» TASK DIRECTIONS
Give the data below again exactly as written, but without the pictures.

» DATA SECTION
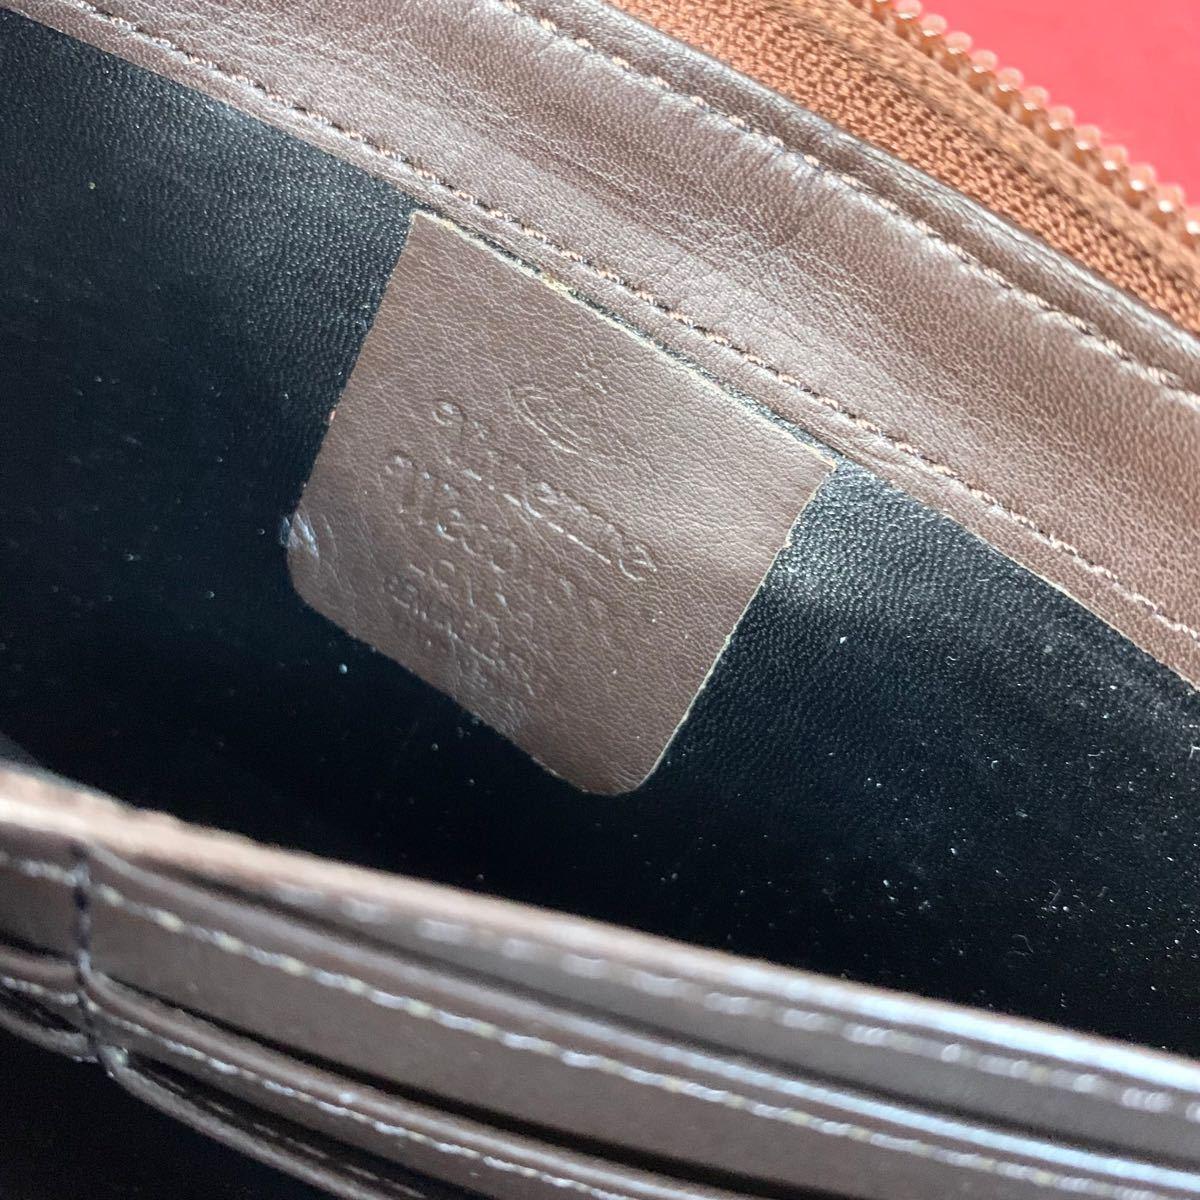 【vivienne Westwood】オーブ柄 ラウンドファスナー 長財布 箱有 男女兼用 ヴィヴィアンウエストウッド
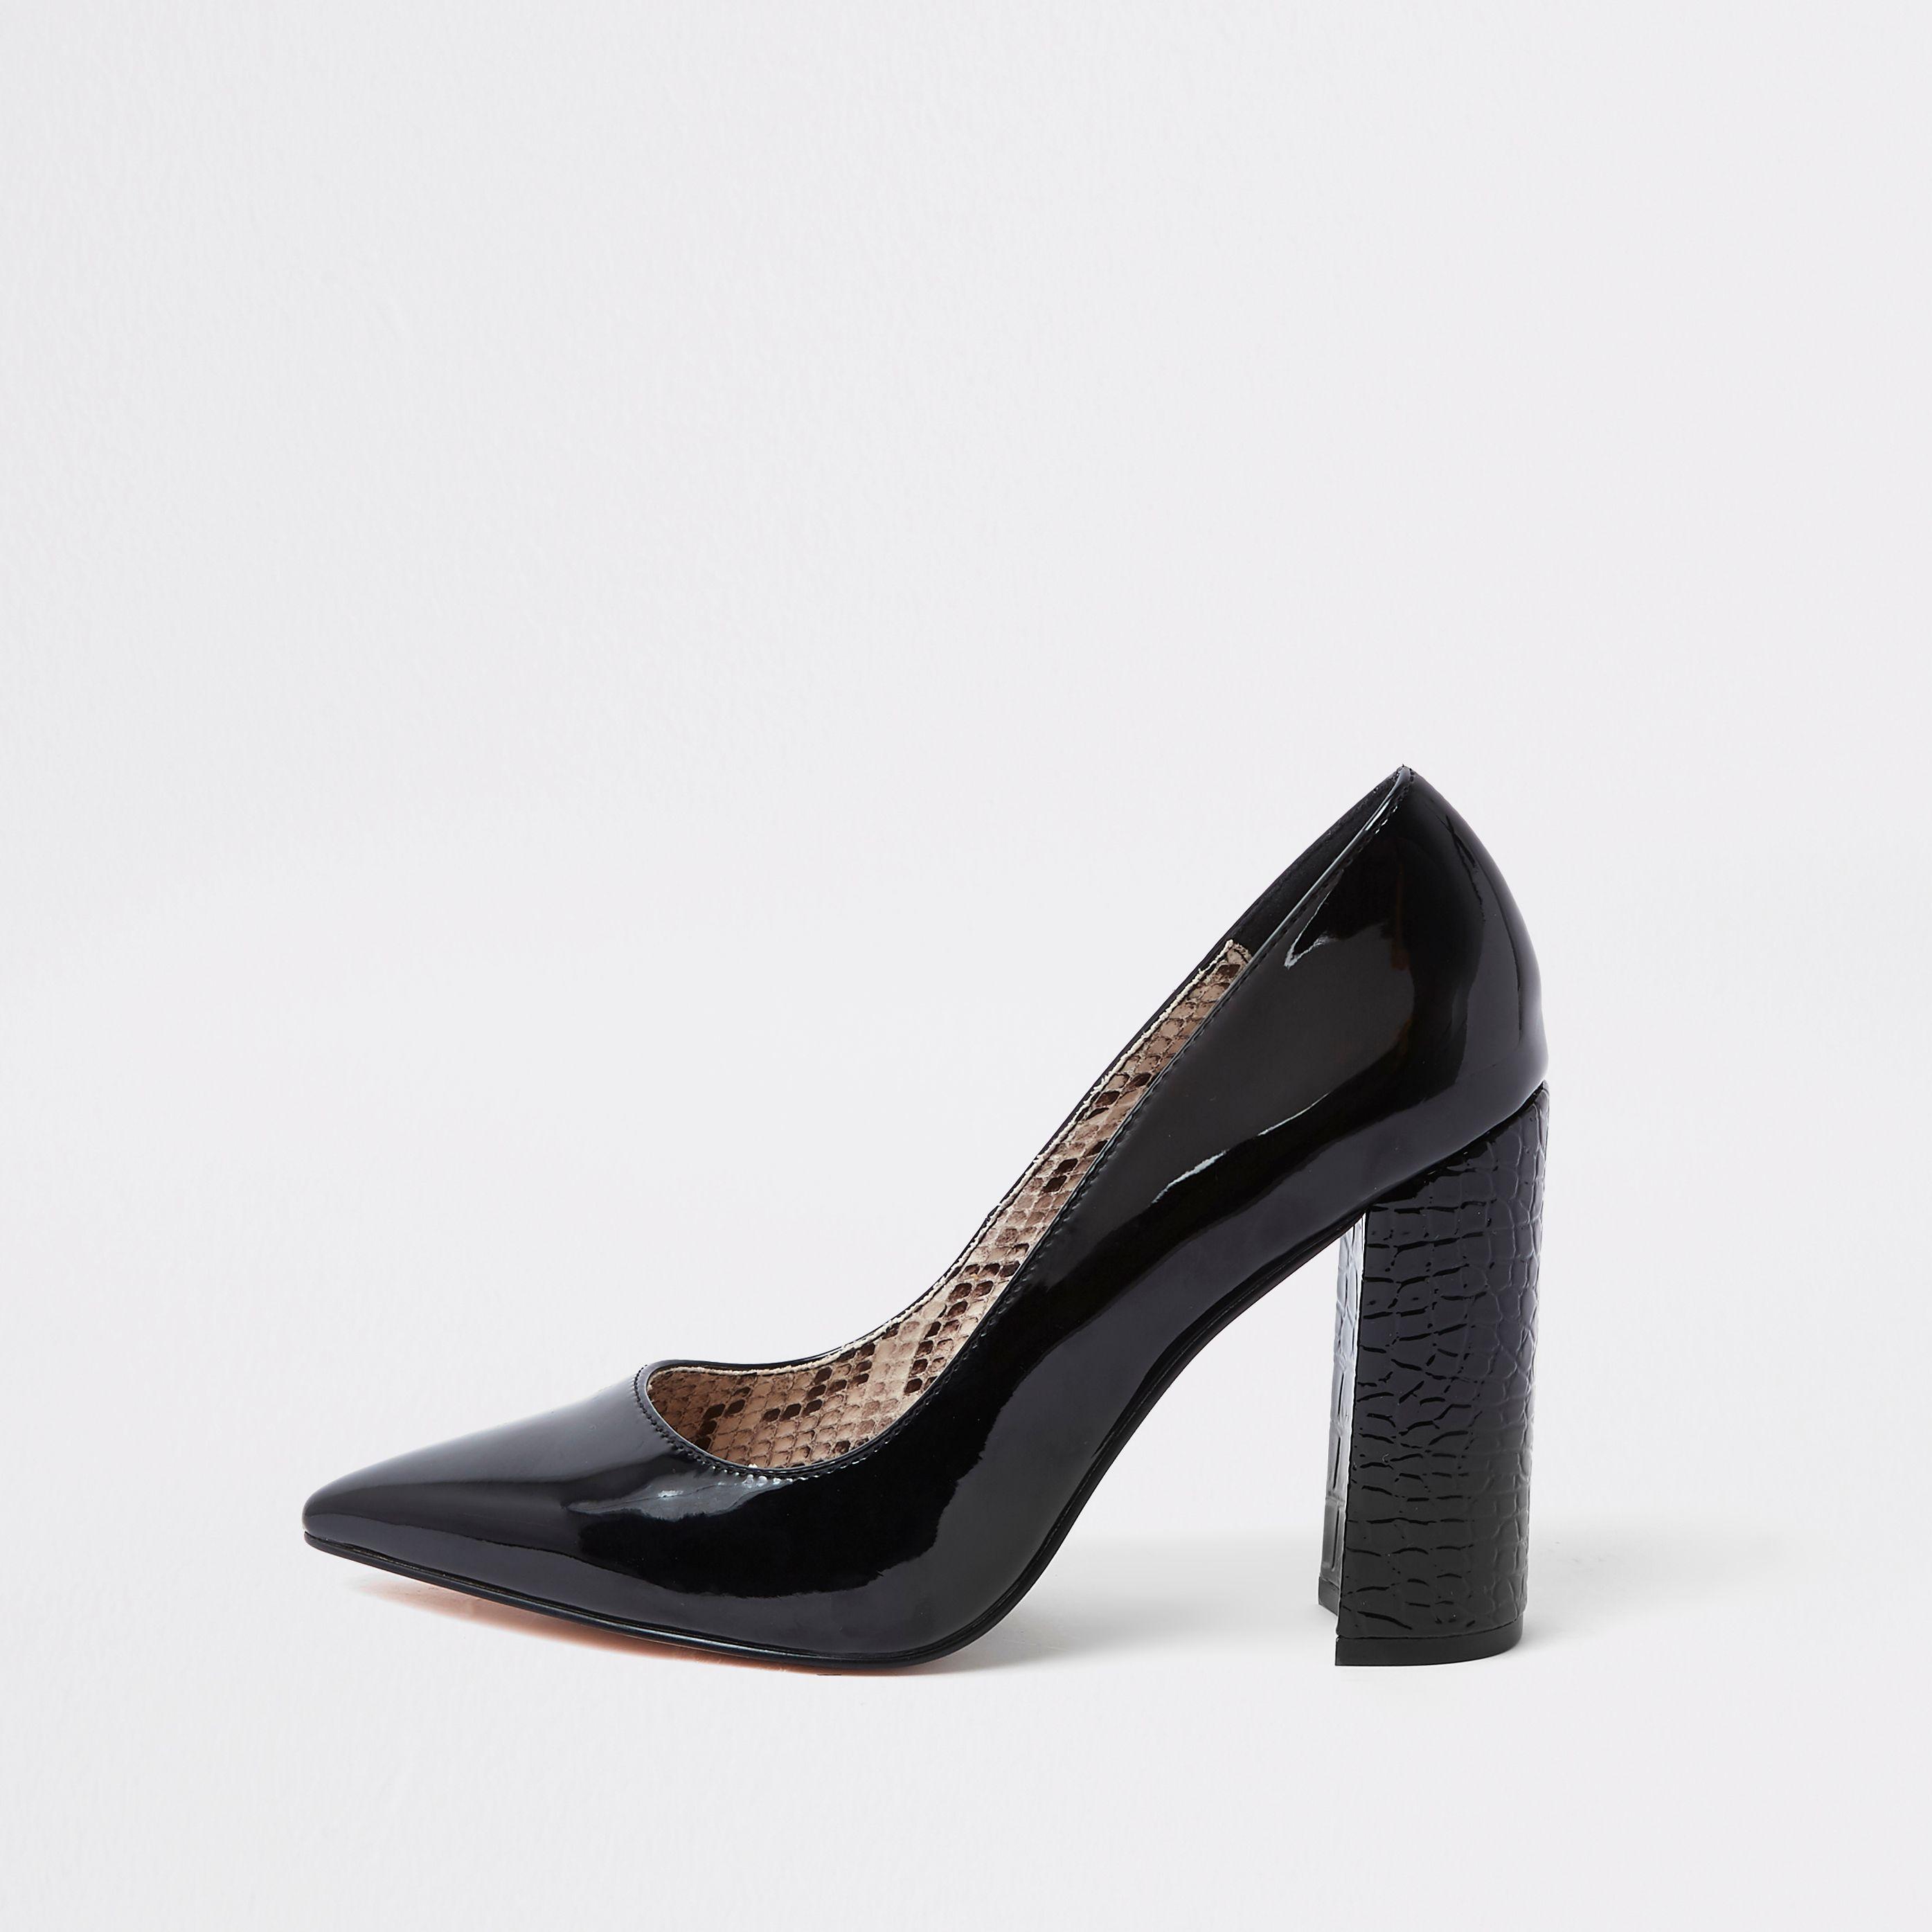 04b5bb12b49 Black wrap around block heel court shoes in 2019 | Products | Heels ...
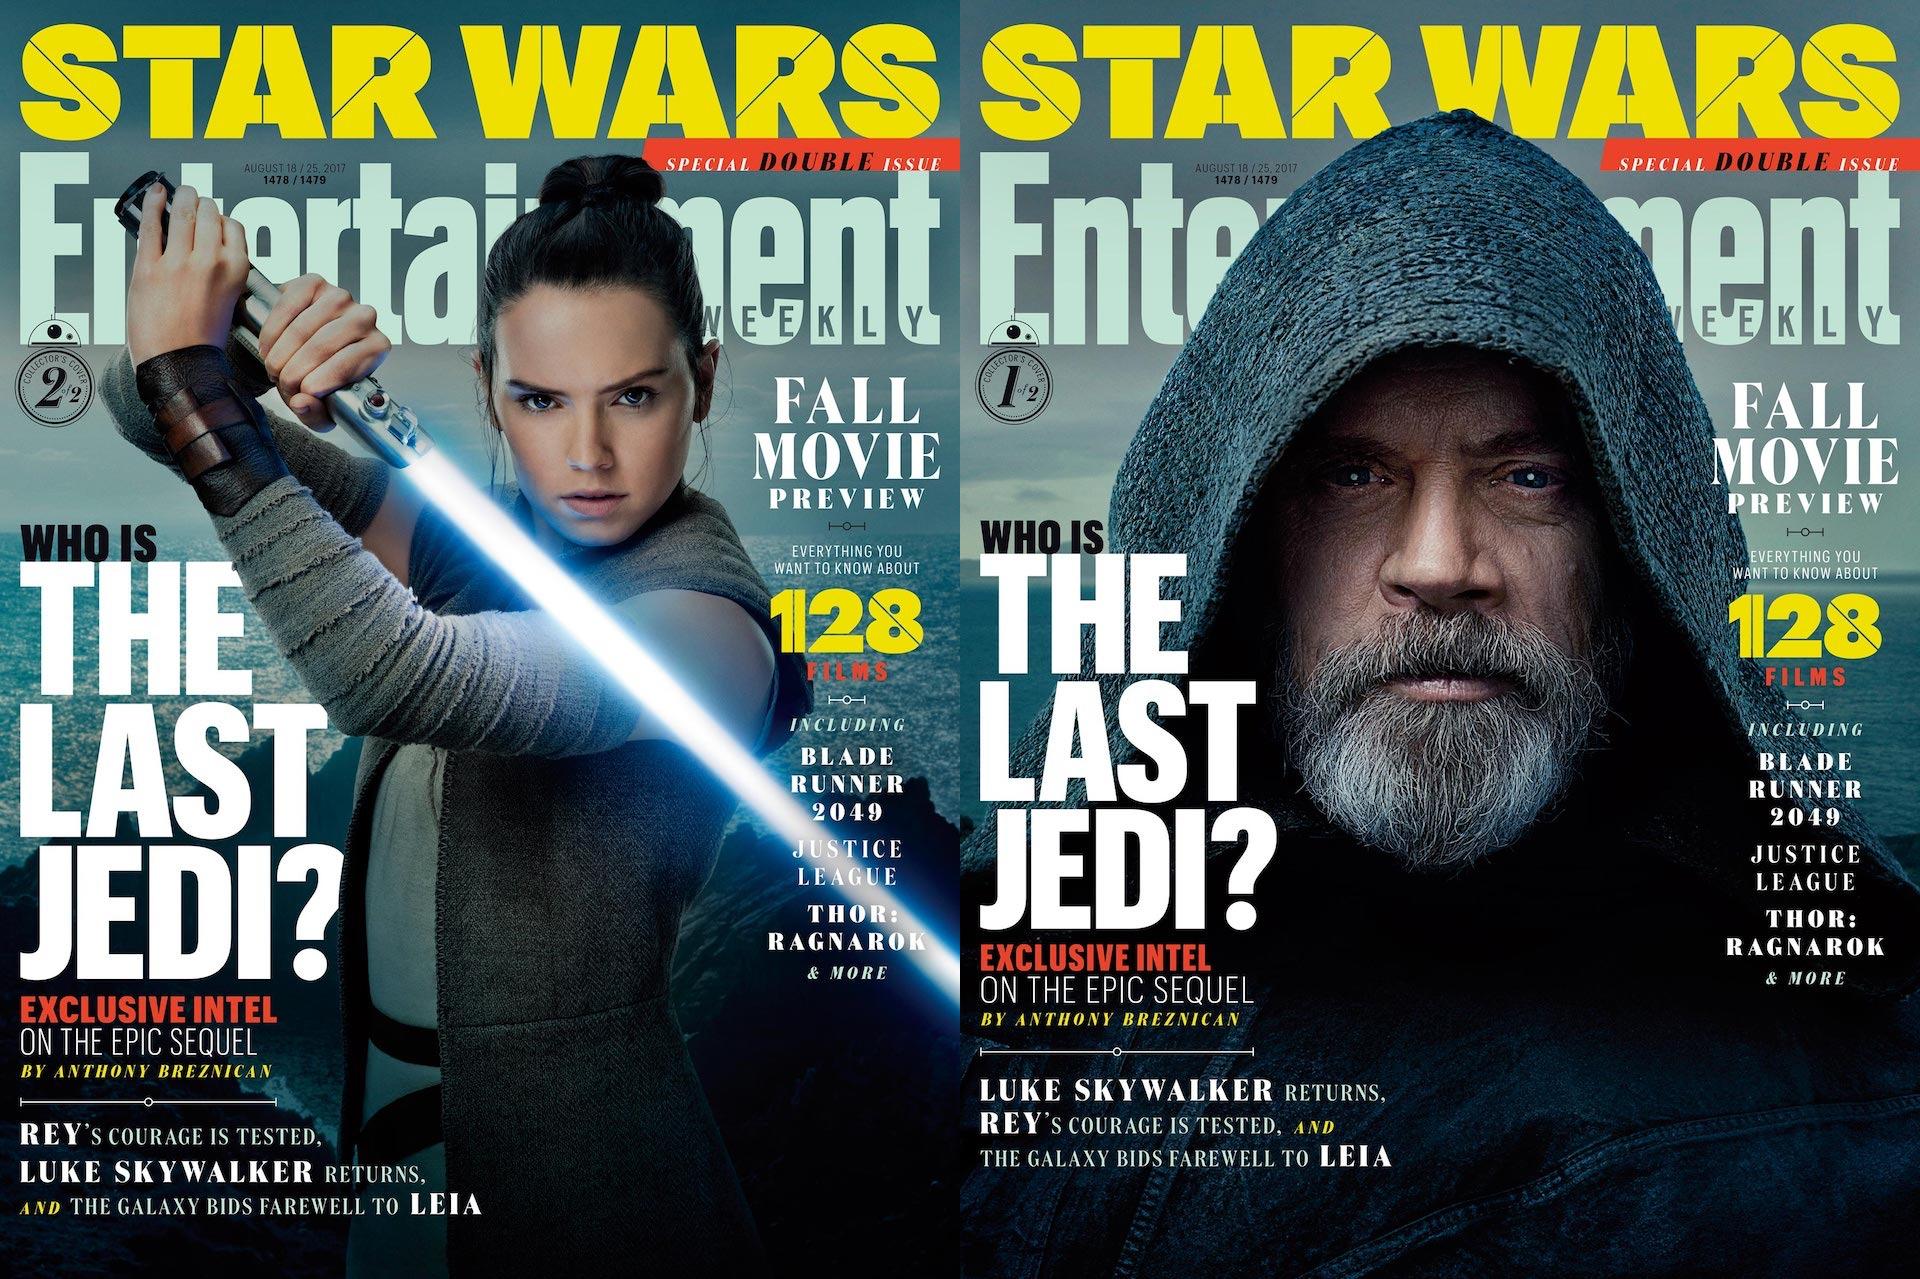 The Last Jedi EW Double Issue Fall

» ANSWER SECTION
 【vivienne Westwood】オーブ柄 ラウンドファスナー 長財布 箱有 男女兼用 ヴィヴィアンウエストウッド
 04b5bb12b49 Black wrap around block heel court shoes in 2019 | Products | Heels ...
 The Last Jedi EW Double Issue Fall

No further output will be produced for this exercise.